The U.S. maintains a global lead in semiconductor design and R&D, with over USD50 billion invested in 2023. Key efforts include the National Semiconductor Technology Center in Albany, New York, and USD300 million for advanced packaging research in Georgia, California, and Arizona, focusing on AI and next-generation technologies. Global semiconductor sales reached USD630.5 billion in 2024 and are expected to exceed $600 billion in 2025, driven by AI and data center demand, despite softer PC and mobile markets. The industry supports 338,000 direct and nearly 2 million indirect U.S. jobs, significantly impacting the economy. Innovations in materials like germanium and graphene, along with 3D packaging and AI-optimized chips, are advancing.

#### Water Processing Facilities Industry
The growth of U.S. water processing facilities market is attributed to regulatory pressures, technological advancements, and rising water demand from industrial and municipal sectors.

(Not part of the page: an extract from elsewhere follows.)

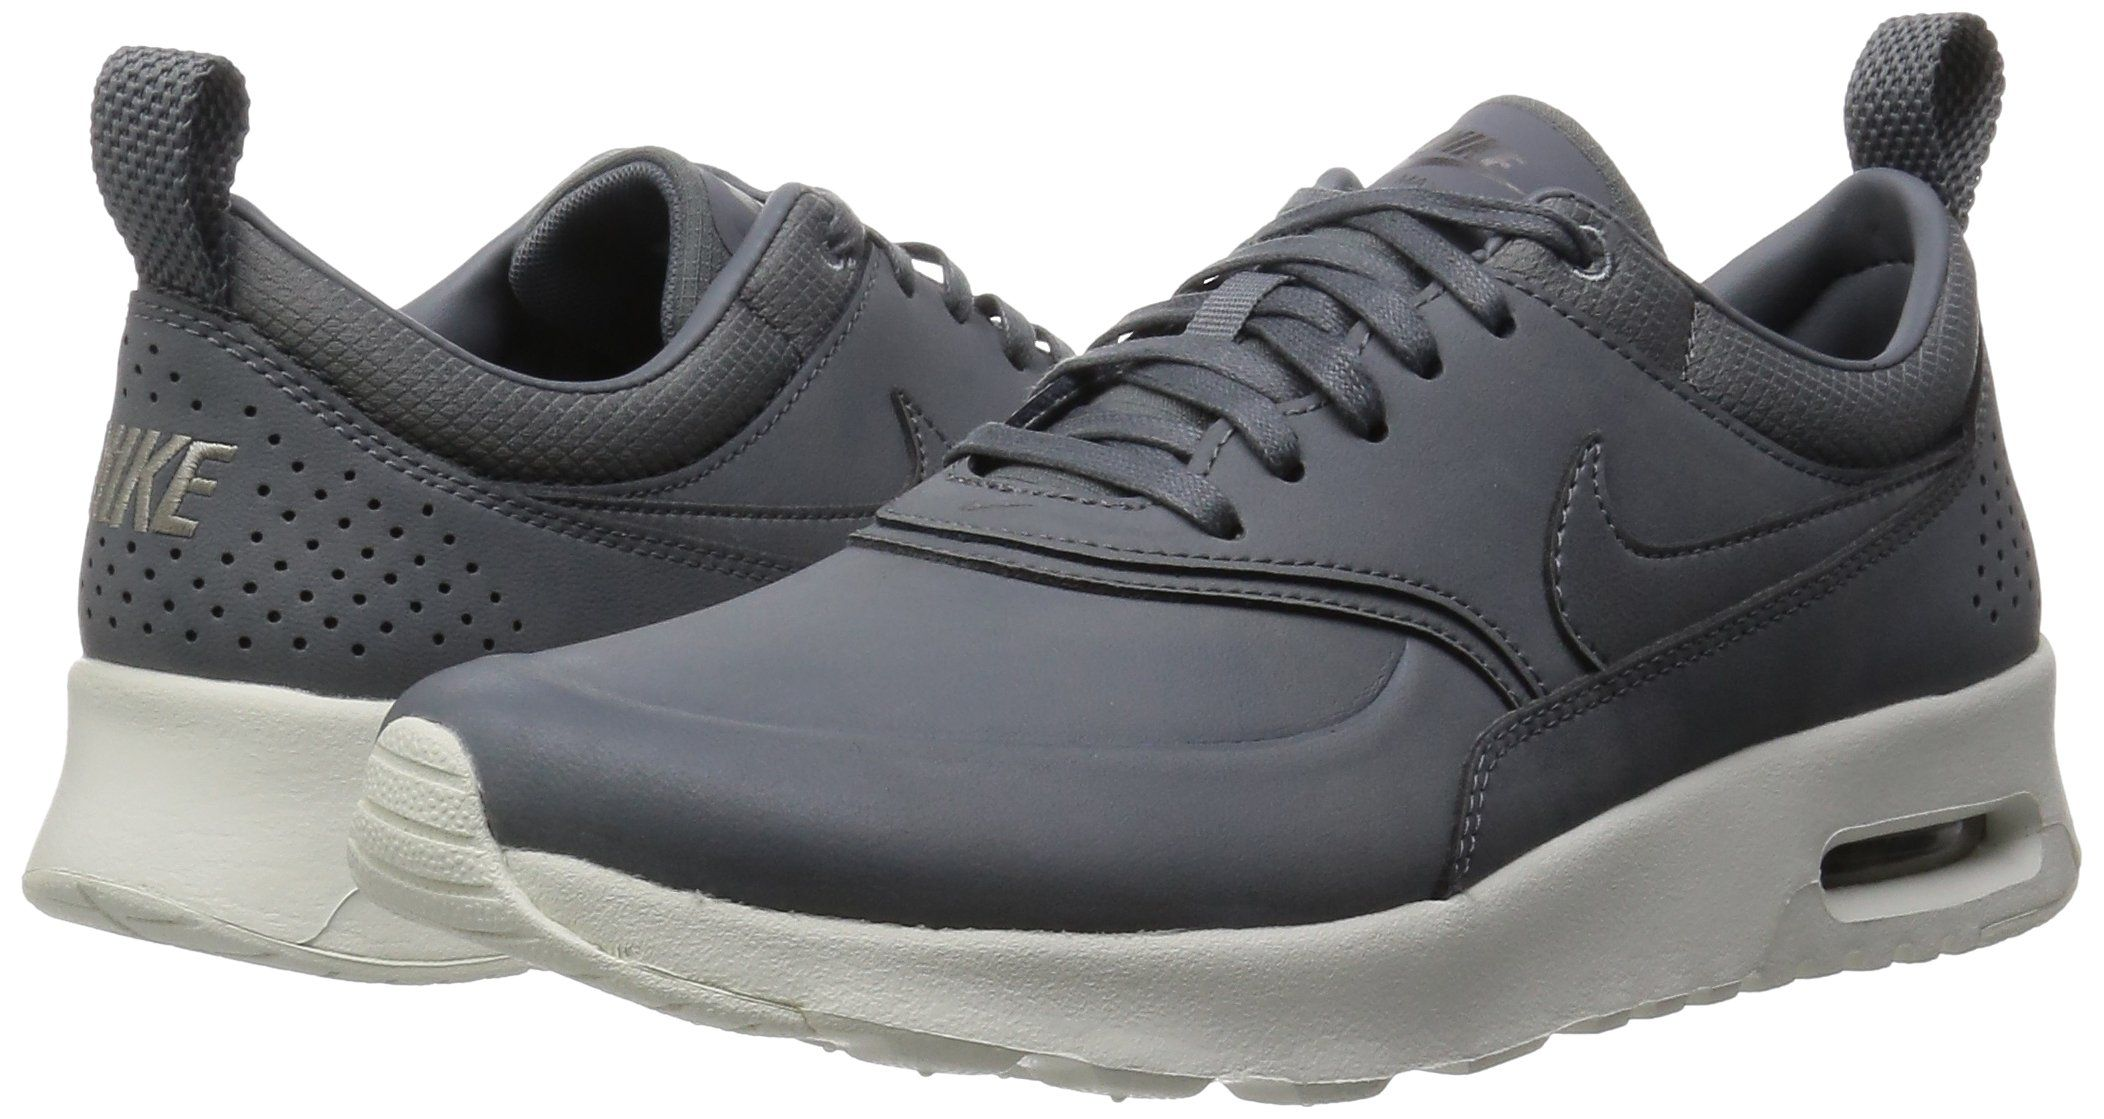 buy online 73aad dc593 Nike Air Max Thea Premium, Damen Sneakers, Grau (Cool GreyCool  Grey-Sail-Metalic Pwtr), 39 EU Amazon.de Schuhe  Handtaschen

Stricter EPA standards and public-private partnership laws drive investments in advanced technologies like membrane filtration, reverse osmosis, and ultraviolet disinfection. Water reuse, energy efficiency, and smart systems are key trends, fueled by rapid industrialization and population growth. Major projects include California's Pure Water San Diego with USD1.5 billion investment and Pure Water Southern California with USD3.4 billion investment, New York City's Newtown Creek upgrade with USD2 billion investment, and Texas' Carrizo-Wilcox aquifer developments, addressing water scarcity and aging infrastructure. Industrial recycling is prominent in sectors like oil, gas, and semiconductors such as TSMC's Arizona plant. Chinese firms, such as Beijing Origin Water and Vontron Technology, indirectly support the market by supplying cost-competitive reverse osmosis membranes through partnerships and OEM agreements, influenced by the Belt and Road Initiative.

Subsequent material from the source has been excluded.